| DATA SHOWN |
[Start of section]
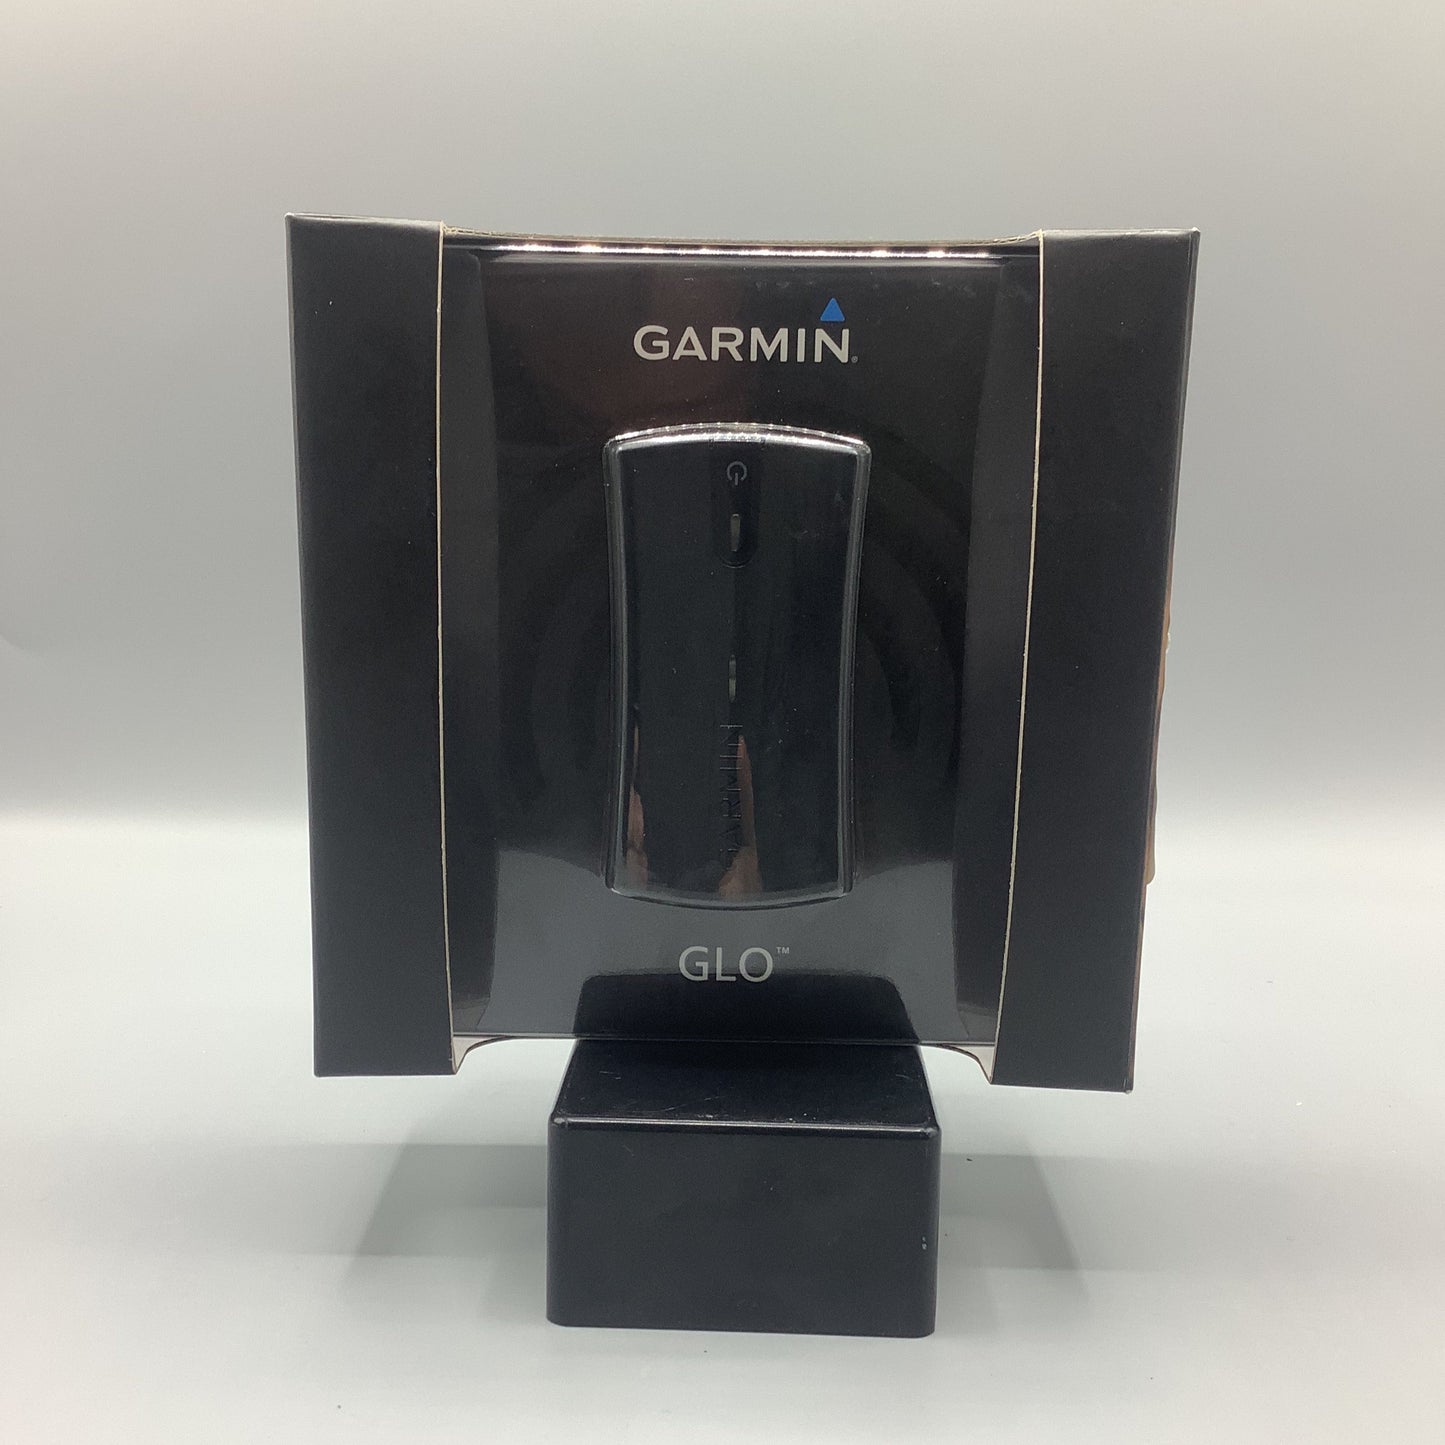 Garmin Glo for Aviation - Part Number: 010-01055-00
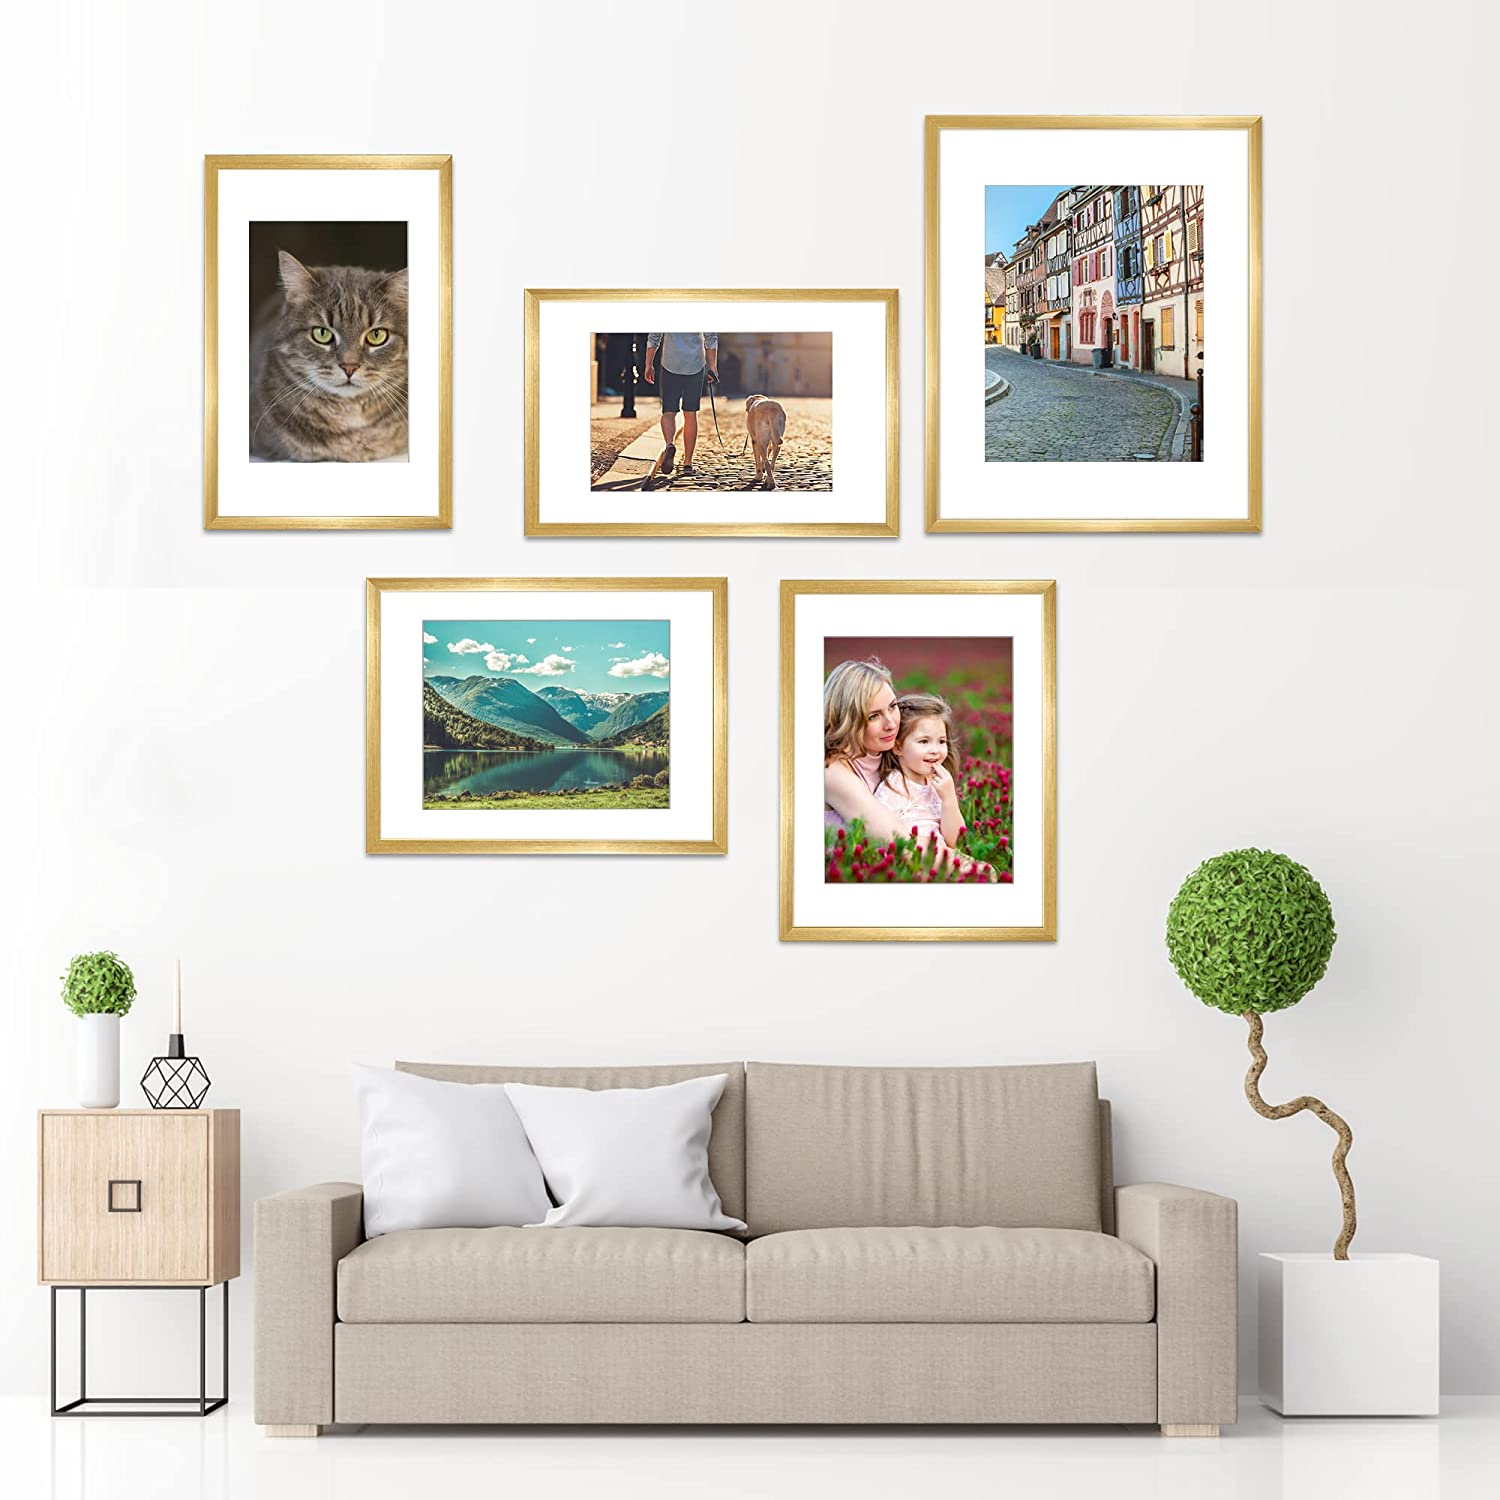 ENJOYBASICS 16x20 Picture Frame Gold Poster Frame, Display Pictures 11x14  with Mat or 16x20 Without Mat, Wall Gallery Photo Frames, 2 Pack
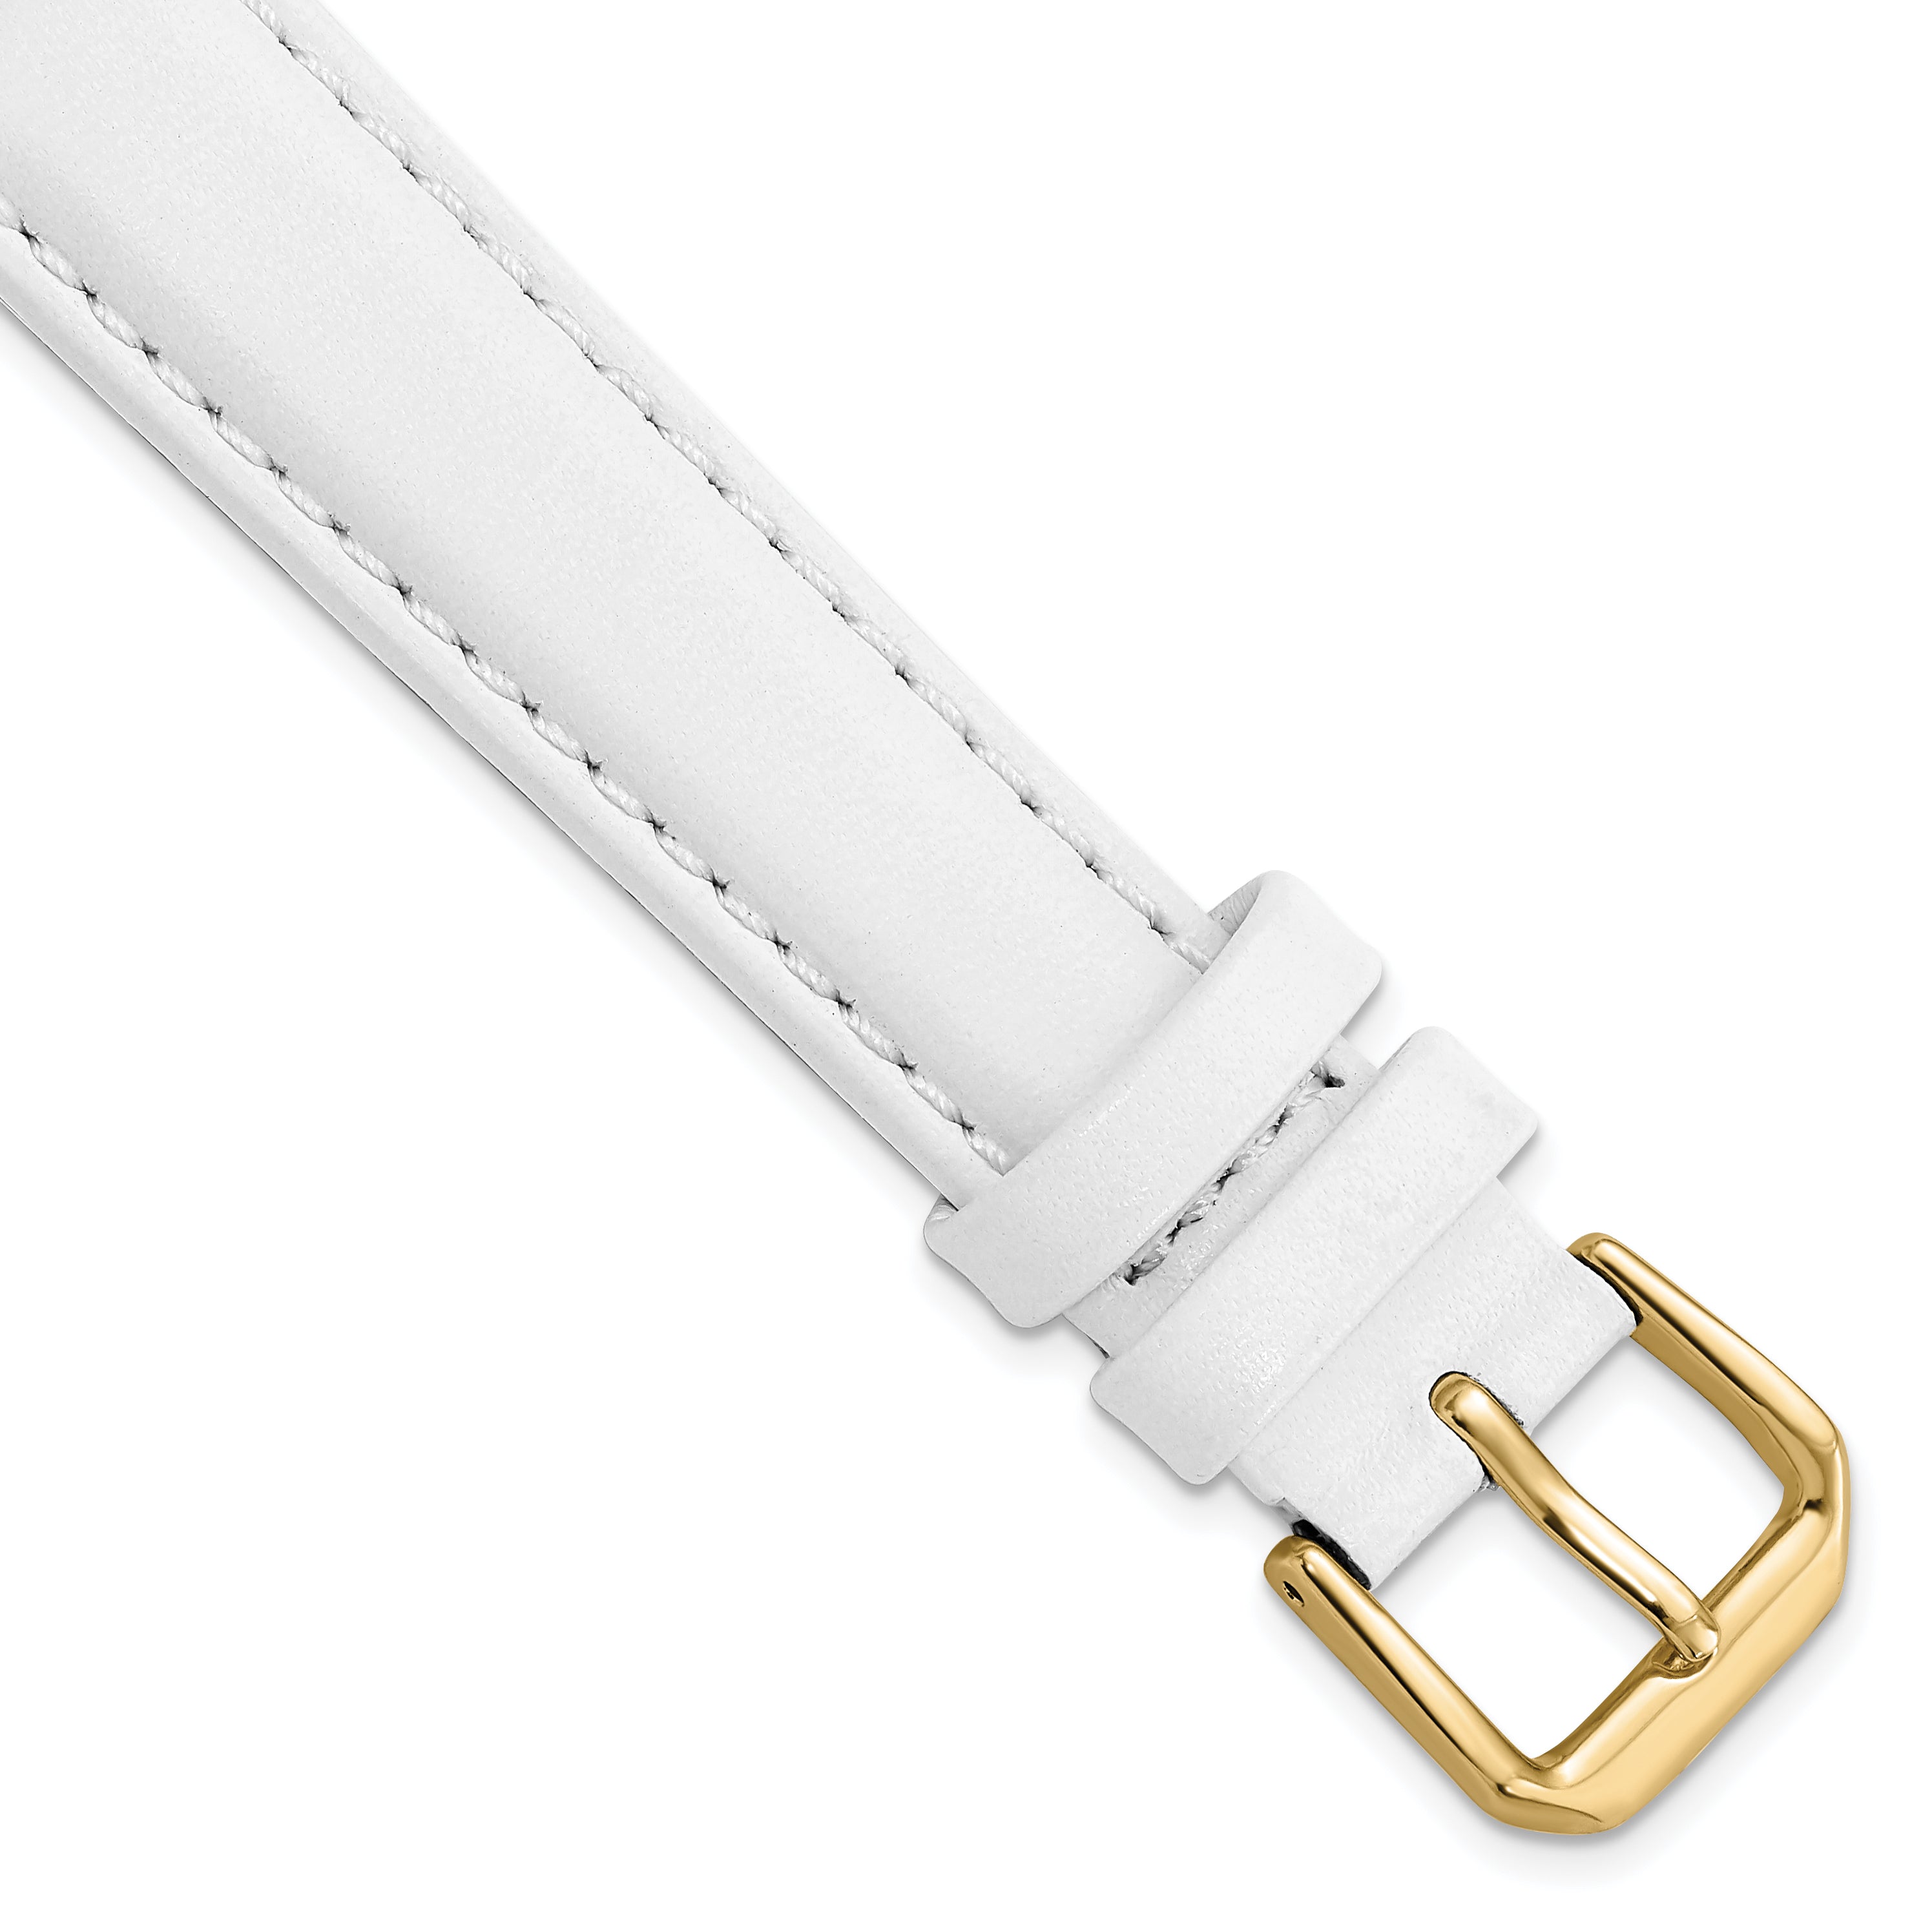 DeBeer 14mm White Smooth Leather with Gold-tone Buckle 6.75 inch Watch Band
[End of section]
| YOUR GOAL |
Return all of the material precisely as written. No picture belongs in it.

| YOUR SOLUTION |
 Garmin Glo for Aviation - Part Number: 010-01055-00
 ENJOYBASICS 16x20 Picture Frame Gold Poster Frame, Display Pictures 11x14  with Mat or 16x20 Without Mat, Wall Gallery Photo Frames, 2 Pack
 DeBeer 14mm White Smooth Leather with Gold-tone Buckle 6.75 inch Watch Band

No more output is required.